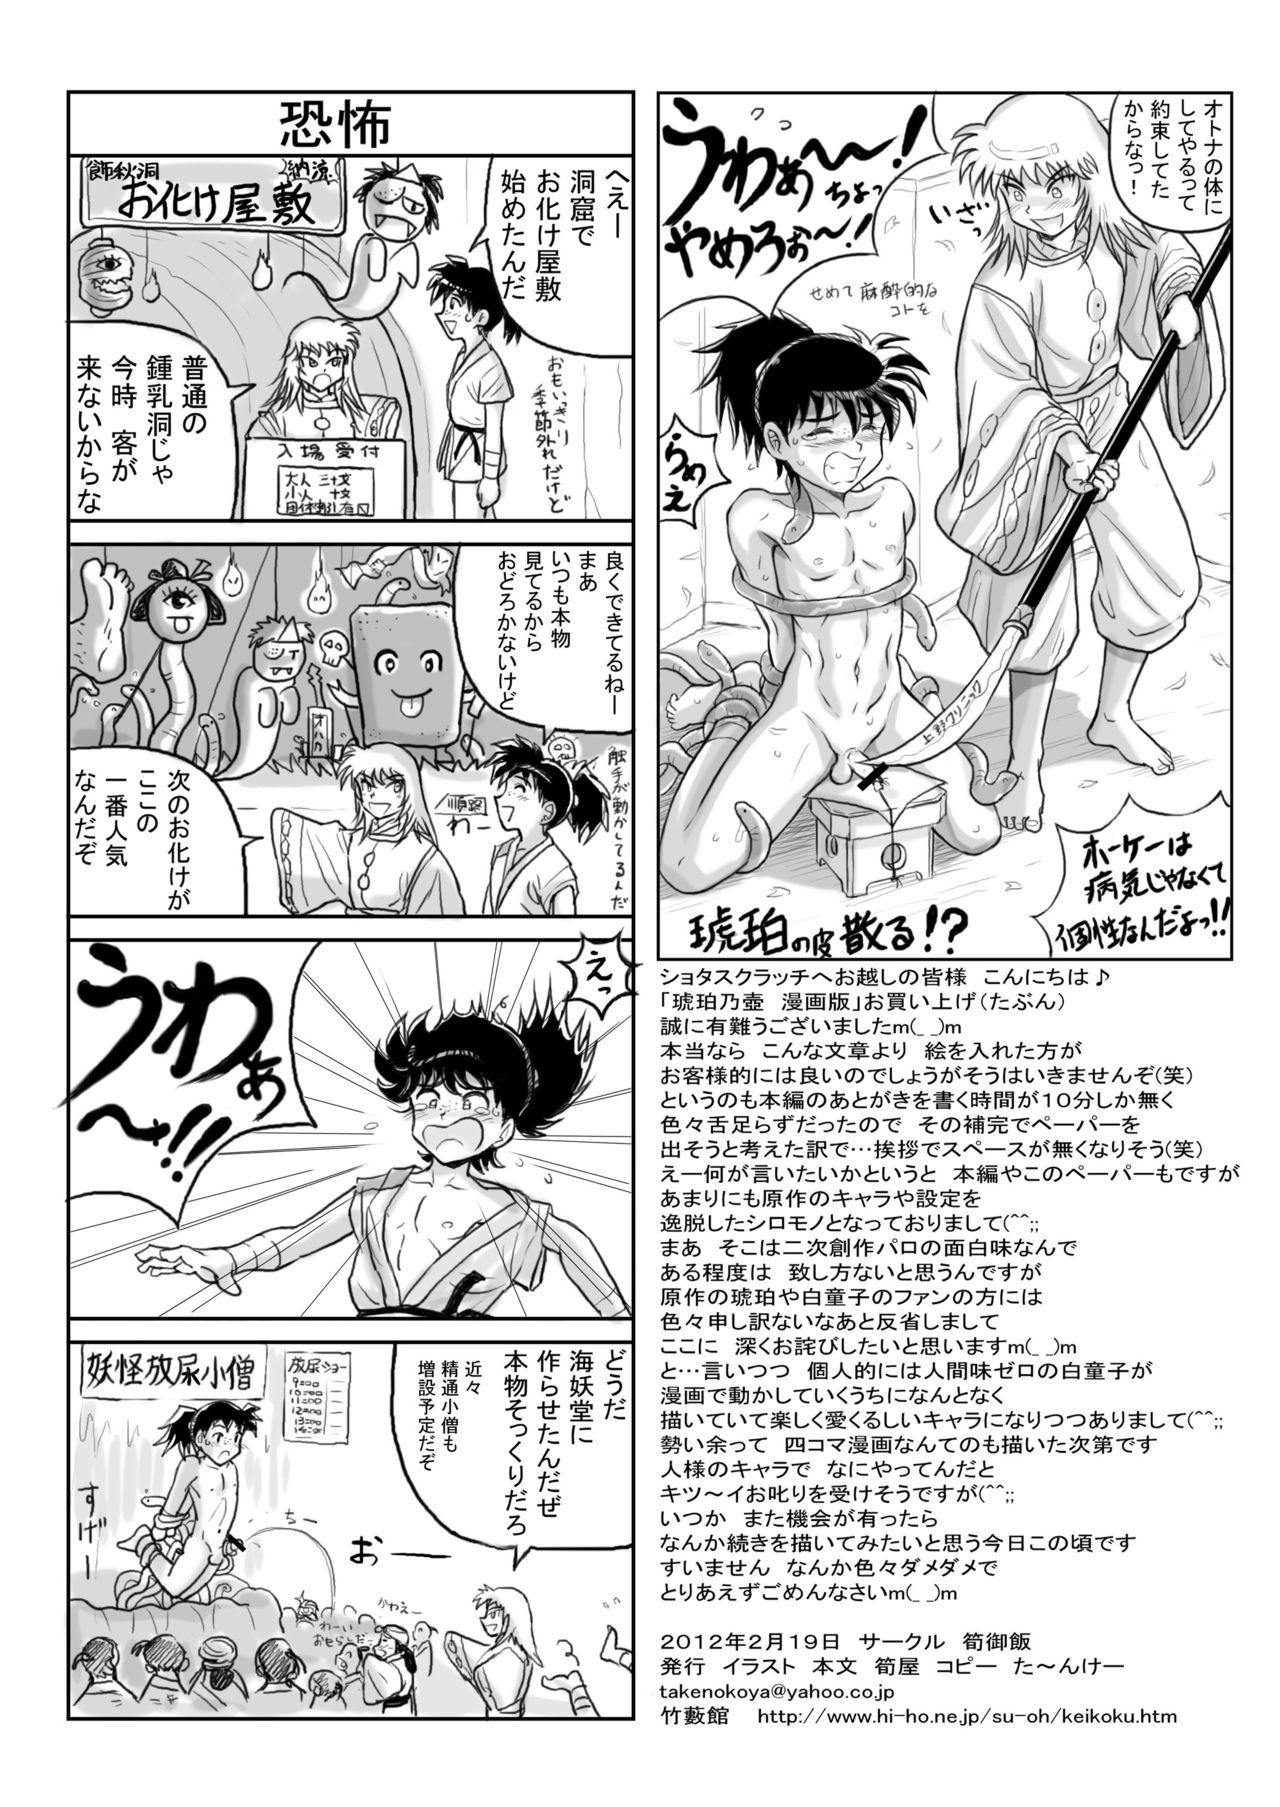 Kohaku no Tsubo Manga-ban 35
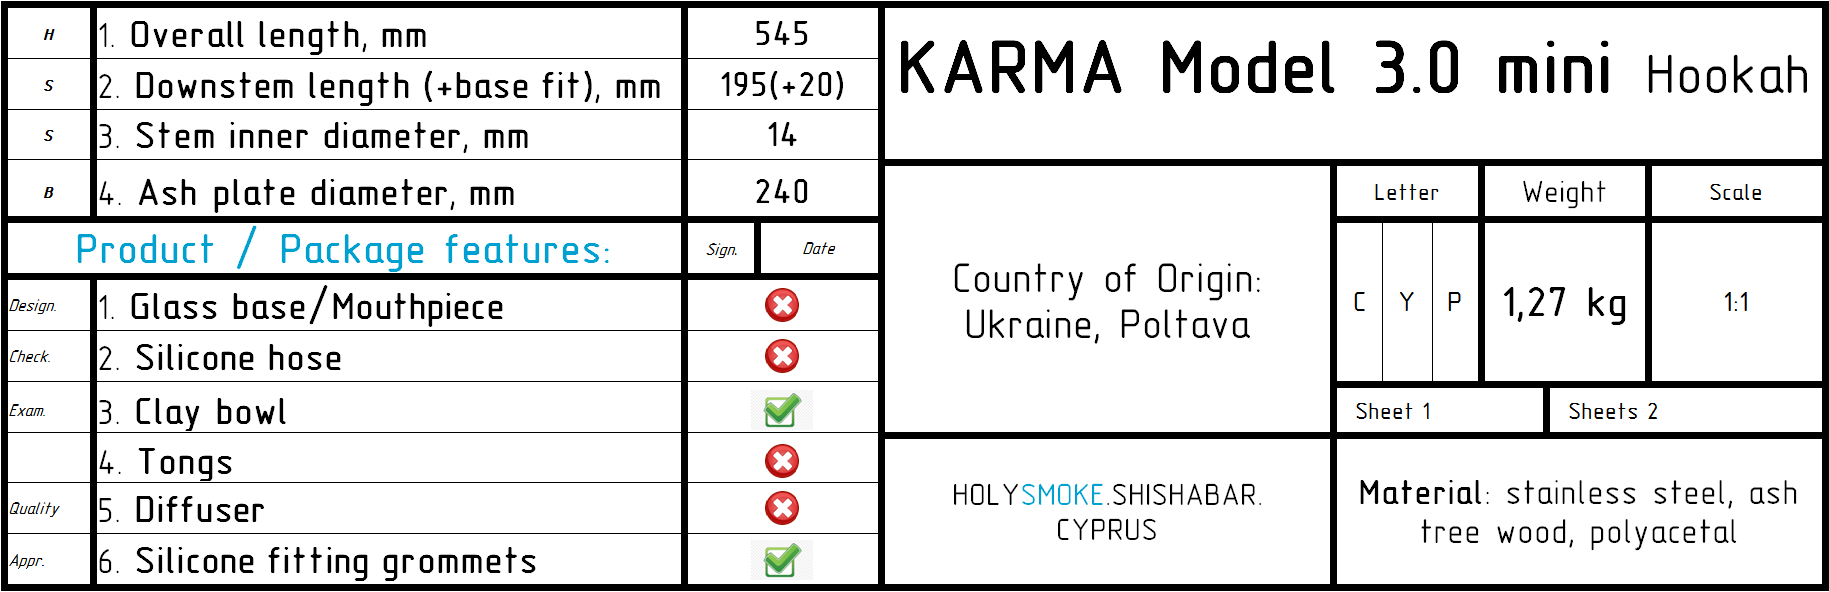 KARMA UA model 3.0 brown hookah - available online
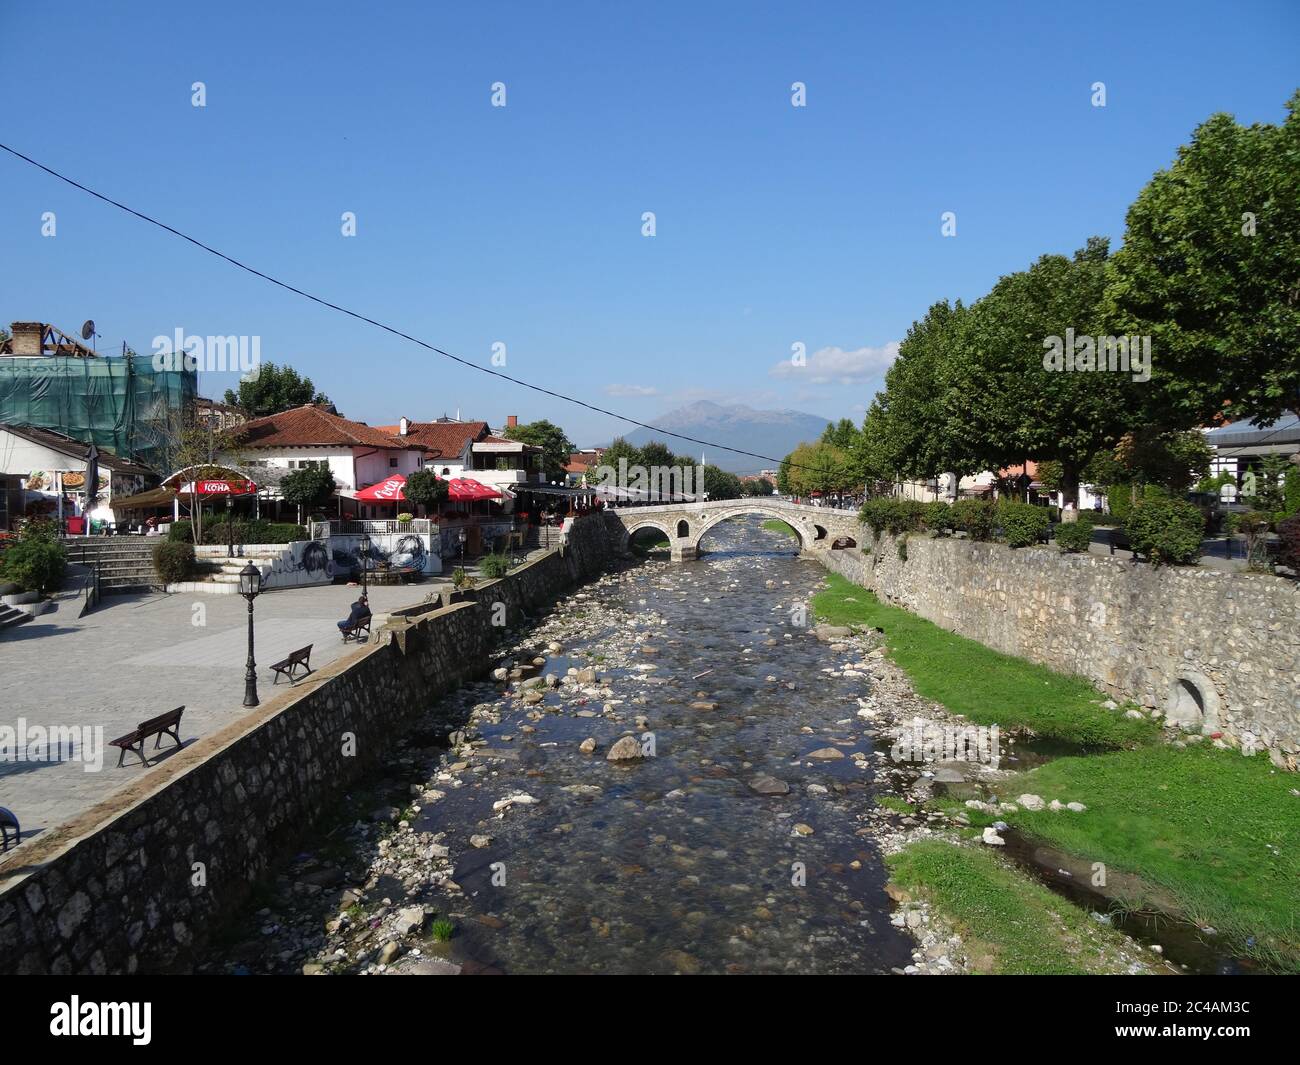 Schöne Panoramen von Prispen und Spaziergänge in der Stadt. Ein ungewöhnlicher Ort, der nach Konflikten im Kosovo seinen Geschmack bewahrt hat Stockfoto

→ **Assigned task**:
Could you print the material above word for word and skip the images?

→ **Written response**:
 Kohaku no Tsubo Manga-ban 35
 KARMA UA model 3.0 brown hookah - available online
 Schöne Panoramen von Prispen und Spaziergänge in der Stadt. Ein ungewöhnlicher Ort, der nach Konflikten im Kosovo seinen Geschmack bewahrt hat Stockfoto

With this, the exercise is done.